Just as the courts expect your ex to allow you visitation rights with your children, you must provide timely financial support. You would be in contempt of court if you refused to pay your court-ordered amount of child support, possibly ending up facing jail time.
The only exception to this rule – which is rare – is when the parent with physical custody of the children disappears with them for an extended period.
By disappearing with your children, your ex would actively be preventing you from having any contact with your children. Some courts have held that a parent’s child support obligation should stop, at least temporarily, until the parent and children are located.

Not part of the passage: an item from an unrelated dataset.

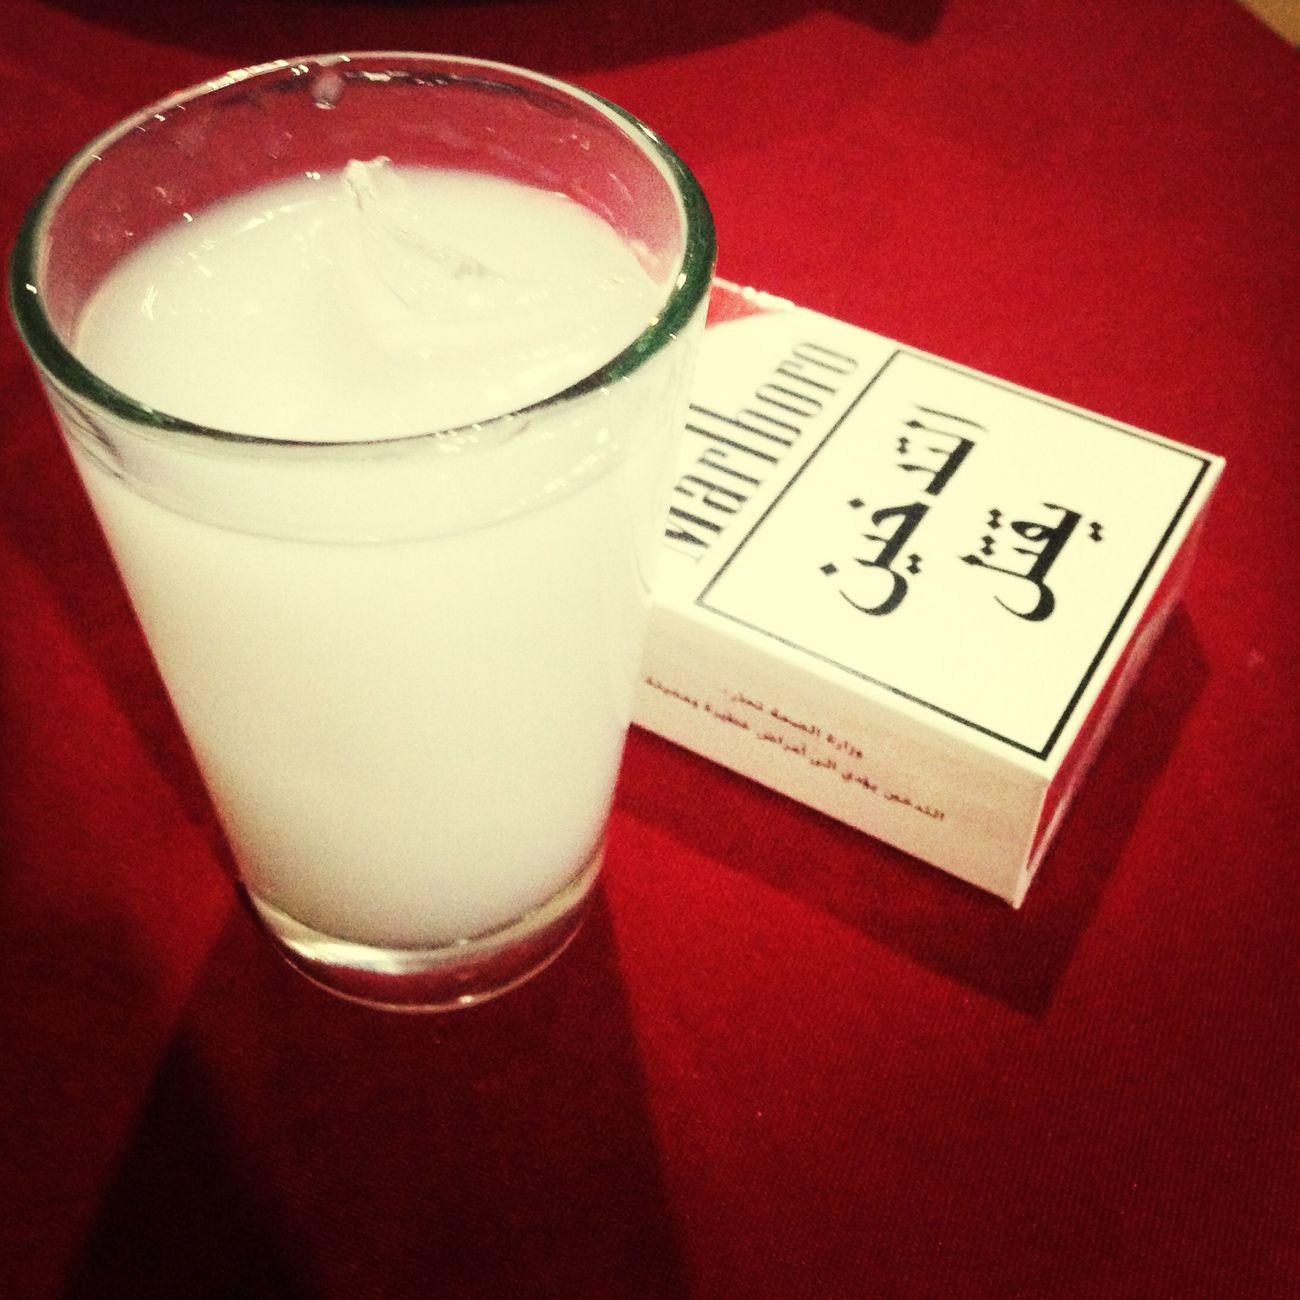 Drinking Arak

When the paying parent refuses to meet their court-ordered financial responsibility for their children, the custodial parent has the right to seek legal assistance. You may find yourself facing any of the following penalties in these instances:
- Suspension of your driver’s license
- Wage garnishment, which means child support payments could be legally deducted from your paychecks
- Deduction from your federal tax refund
- Seizure of funds from your bank account
The case against your ex for depriving you of visitation with your children will be the focus if you aren’t also facing a claim of unpaid child support.
The recommended remedy for visitation issues is to turn to the court for assistance, not to stop paying child support. You can be held accountable or punished by the court for failing to pay your court-ordered child support amount, and your ex can be held responsible for interfering in your parenting time.
If you are having trouble with your ex over visitation, your best bet is to seek advice from a child support attorney who can advise you what steps to take next.
In some cases, you might be able to work out visitation problems informally with your ex. You also may find that you need more formal assistance when your legal rights as a parent are being withheld.
Your lawyer might be able to assist you by taking any of the following steps:
- Contacting your ex to come to a resolution
- Contacting your ex’s attorney to come to a resolution
- Representing you in court to enforce or modify your court-ordered visitation time
Blocked child visitation may be one of the most common reasons given for refusal to pay child support. The best course of action to take, in the eyes of the court, however, is putting the best interests of your children first.
Child support payments and child visitation are two separate issues. Retaliation by withholding support may work against you. Get the guidance of an experienced attorney to help you assert your position more effectively.